▶ _Task objective_:
The material below is to be copied exactly from the line with "Phil the Coach: icon" up to and including the line with "Photo of 616", with nothing else kept and no pictures.

++++ Entries supplied

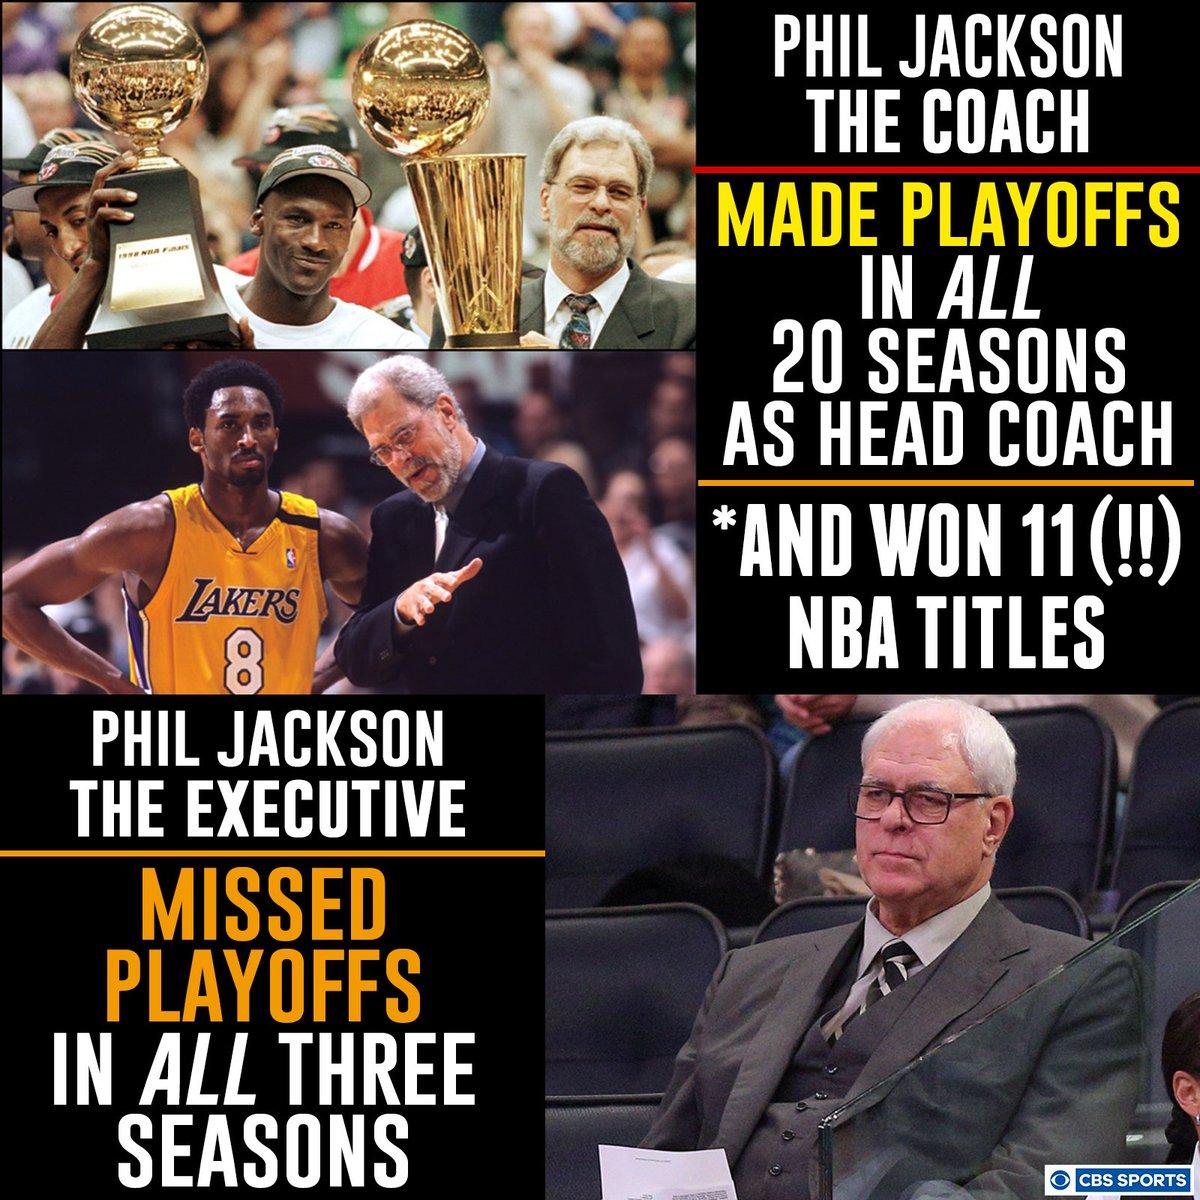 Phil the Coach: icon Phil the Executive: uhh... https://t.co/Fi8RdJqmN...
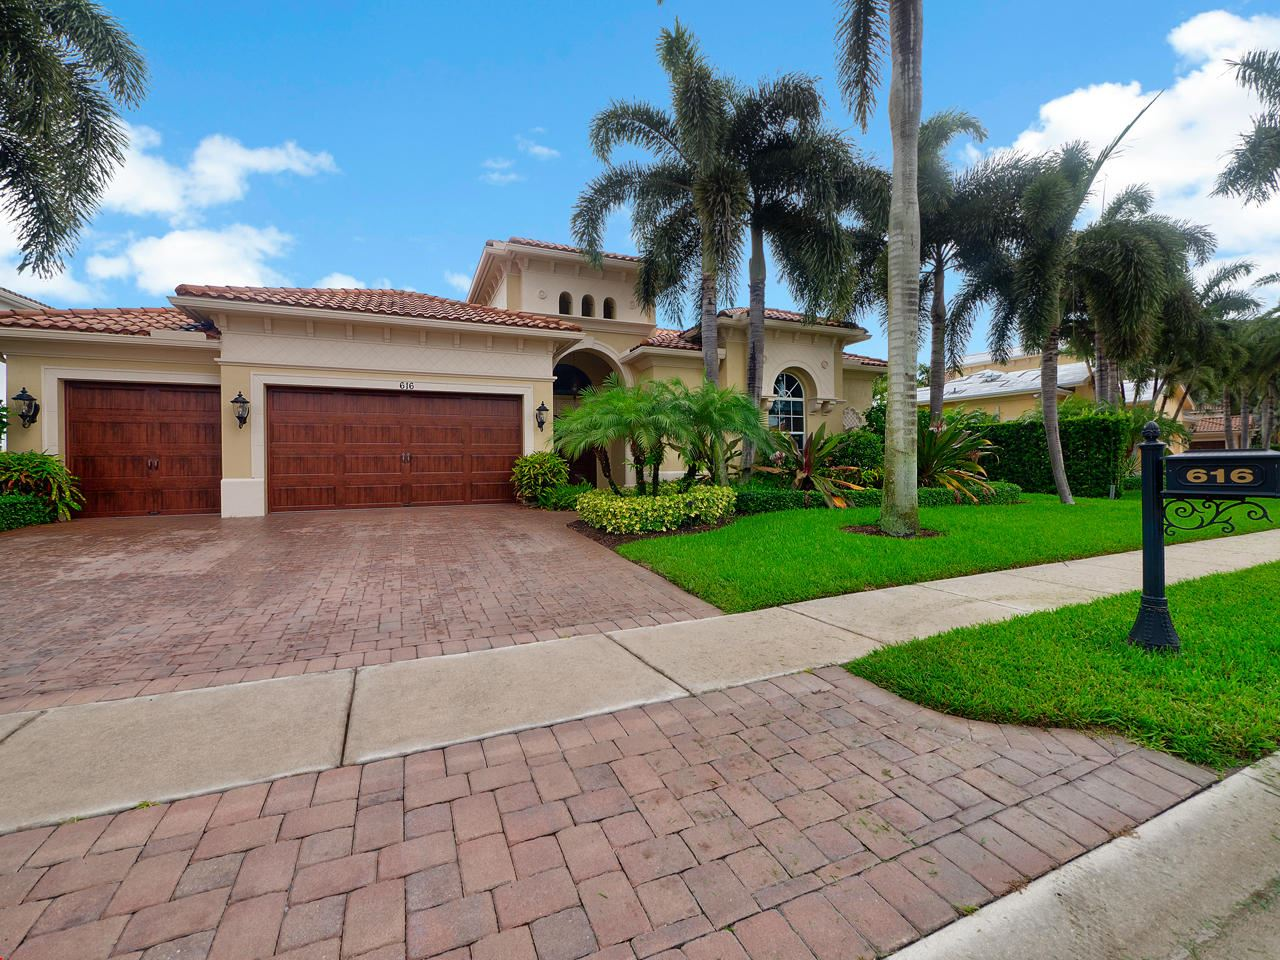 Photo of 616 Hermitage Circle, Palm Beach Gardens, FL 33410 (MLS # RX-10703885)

++++++++
++++ Entries supplied

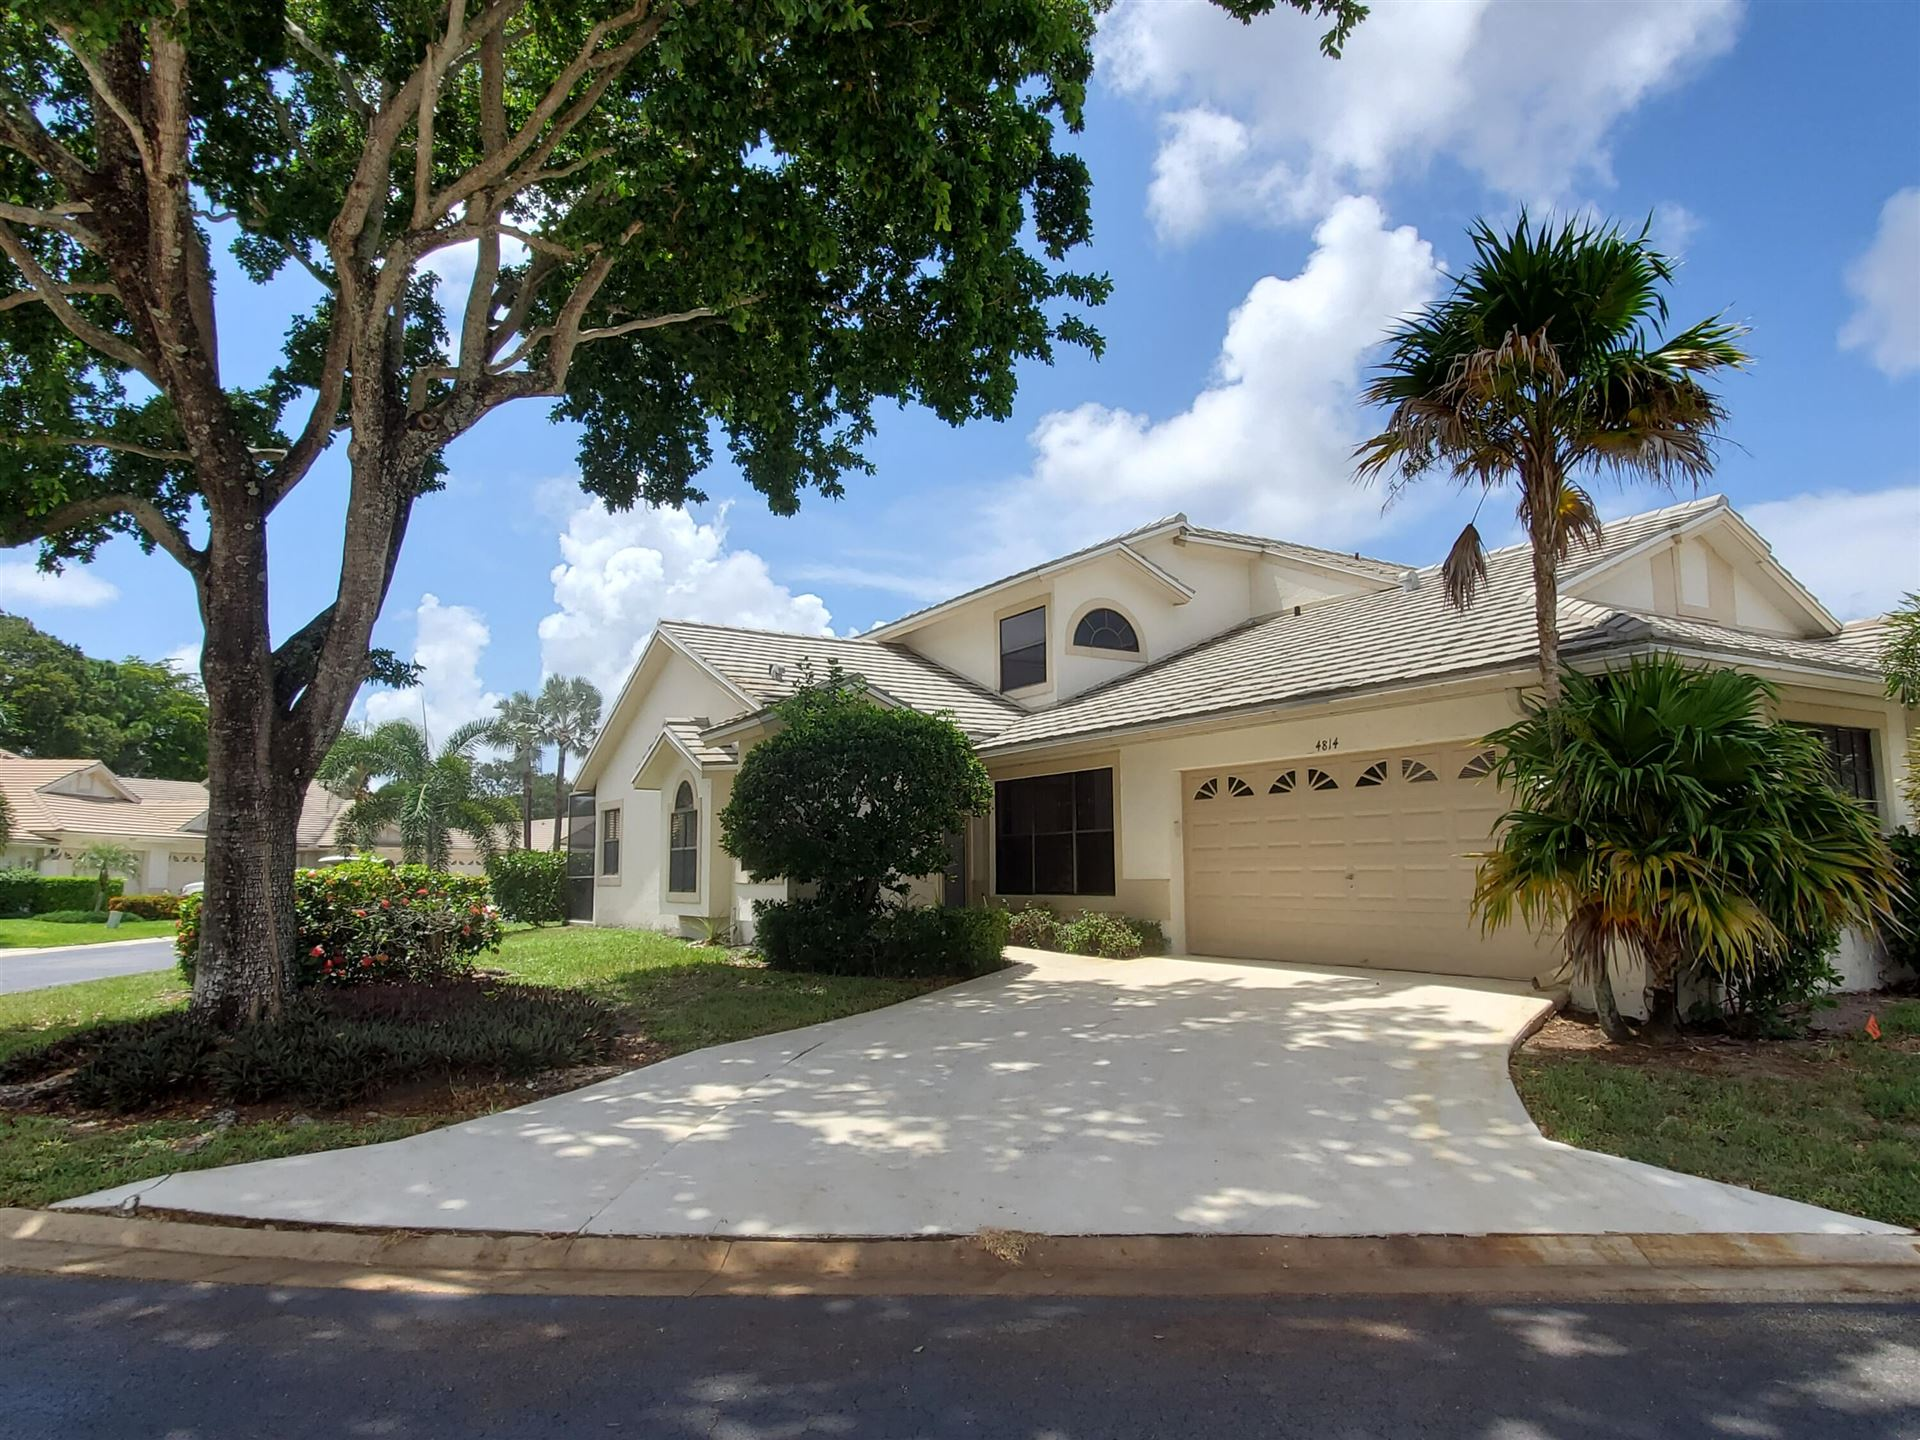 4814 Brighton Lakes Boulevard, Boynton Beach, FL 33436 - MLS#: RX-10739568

++++++++

▶ _Finished task_:
 Phil the Coach: icon Phil the Executive: uhh... https://t.co/Fi8RdJqmN...
 Photo of 616 Hermitage Circle, Palm Beach Gardens, FL 33410 (MLS # RX-10703885)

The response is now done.